◆ Activity
Without including any pictures, reproduce all the lines below word for word.

◆ Information provided
# # #

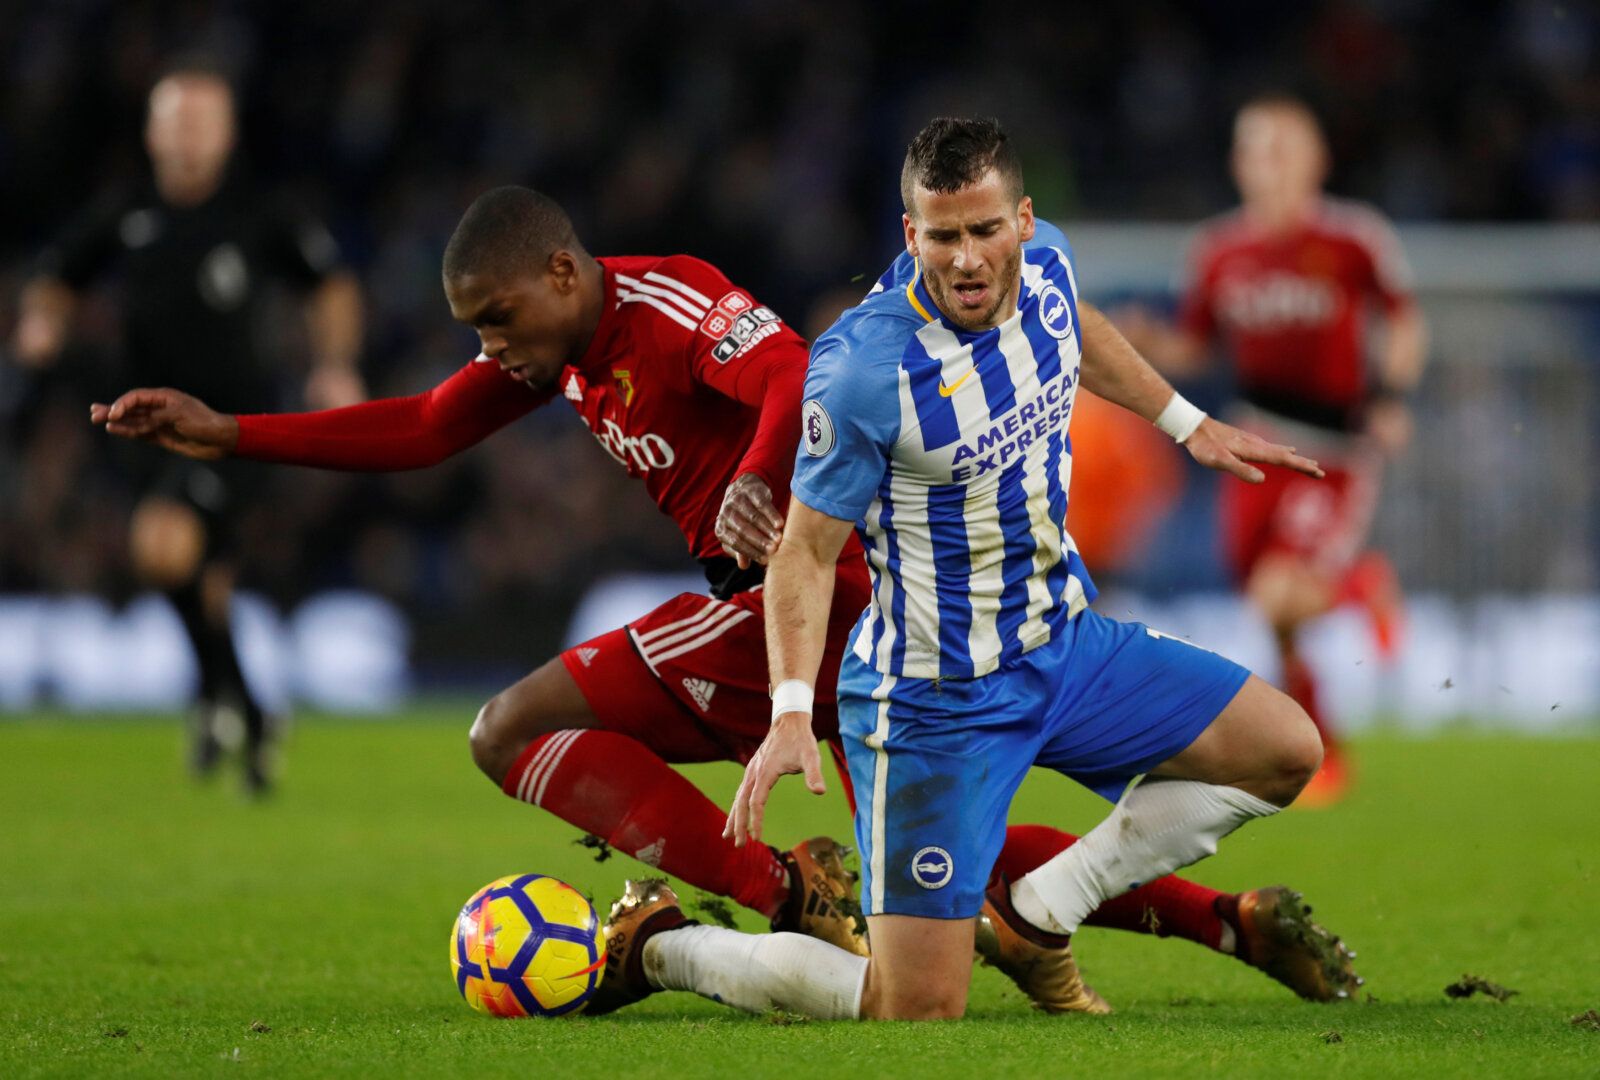 Soccer Football - Premier League - Brighton &amp; Hove Albion vs Watford - The American Express Community Stadium, Brighton, Britain - December 23, 2017   Watford's Christian Kabasele in action with Brighton's Tomer Hemed    Action Images via Reuters/Matthew Childs    EDITORIAL USE ONLY. No use with unauthorized audio, video, data, fixture lists, club/league logos or 
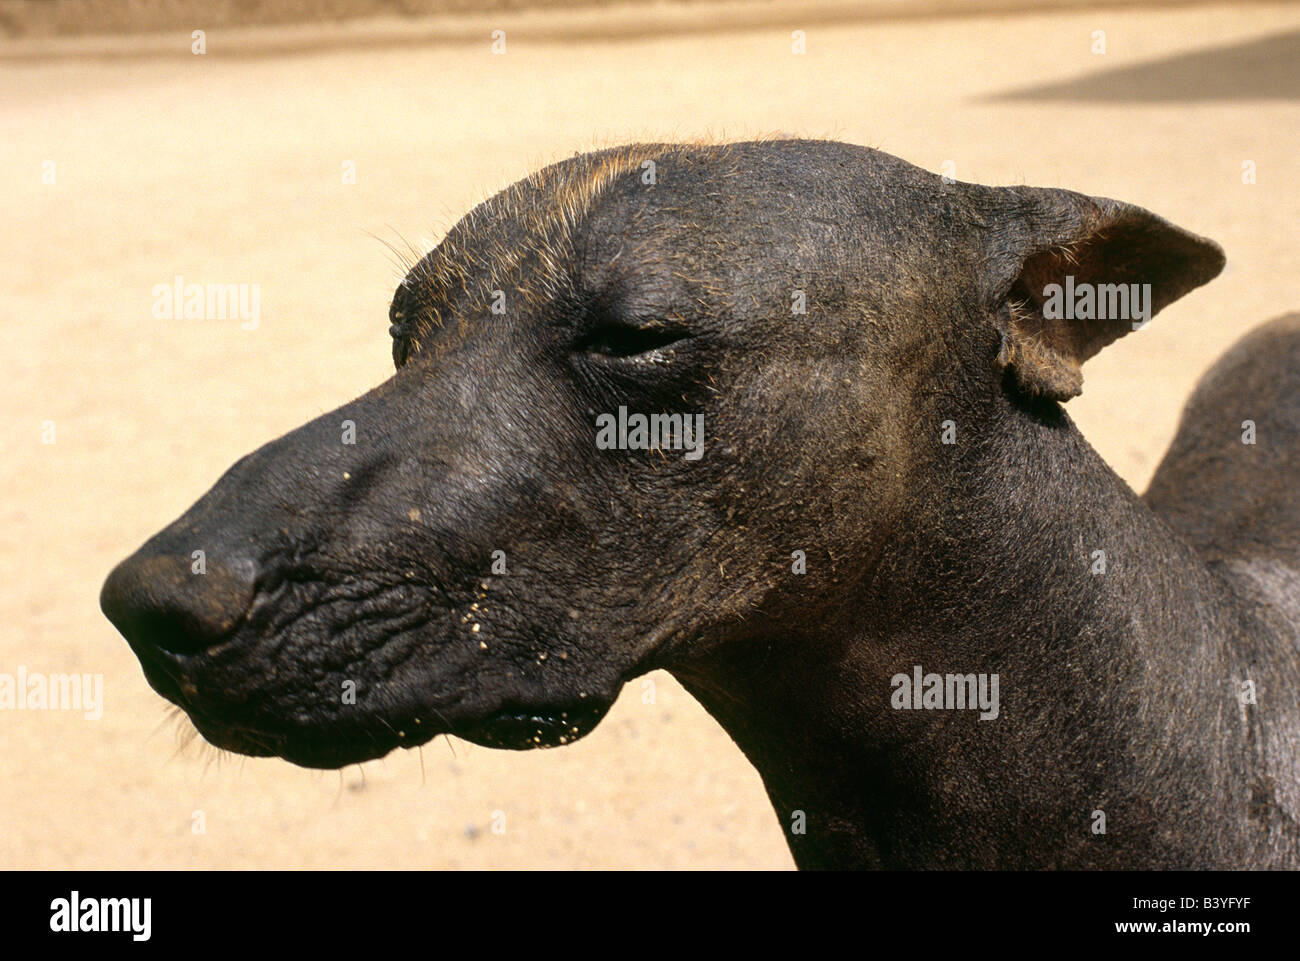 Peru, Trujillo, Chan Chan. A Peruvian hairless dog helps guard the Chimu site of Chan Chan in northern Peru. This breed is thought to have been around before the Incas and served as a lap dog (the breed is warm to the touch) and a source of meat for Peruvian nobility. Stock Photo
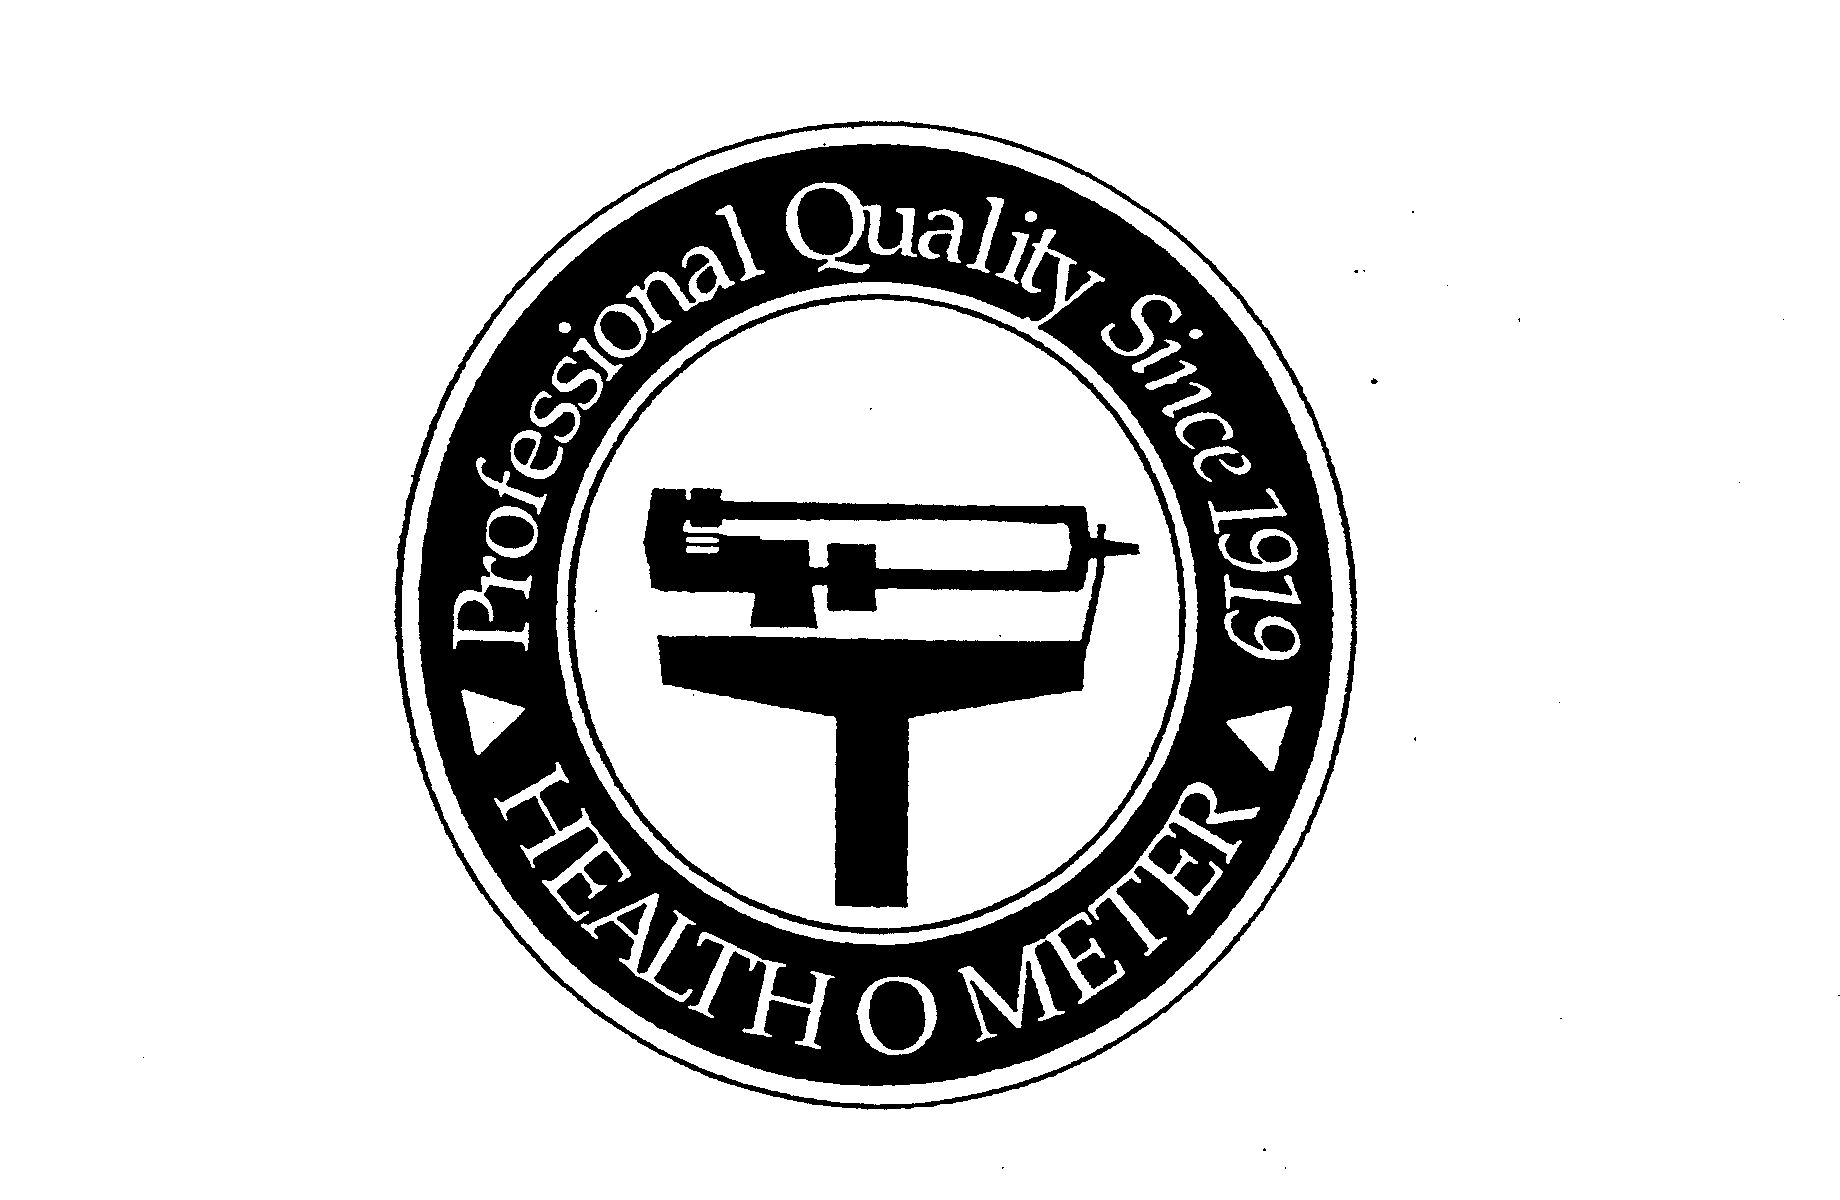  HEALTH O METER PROFESSIONAL QUALITY SINCE 1919

# # #

◆ Result of this exercise
 Soccer Football - Premier League - Brighton &amp; Hove Albion vs Watford - The American Express Community Stadium, Brighton, Britain - December 23, 2017   Watford's Christian Kabasele in action with Brighton's Tomer Hemed    Action Images via Reuters/Matthew Childs    EDITORIAL USE ONLY. No use with unauthorized audio, video, data, fixture lists, club/league logos or 
 Peru, Trujillo, Chan Chan. A Peruvian hairless dog helps guard the Chimu site of Chan Chan in northern Peru. This breed is thought to have been around before the Incas and served as a lap dog (the breed is warm to the touch) and a source of meat for Peruvian nobility. Stock Photo
  HEALTH O METER PROFESSIONAL QUALITY SINCE 1919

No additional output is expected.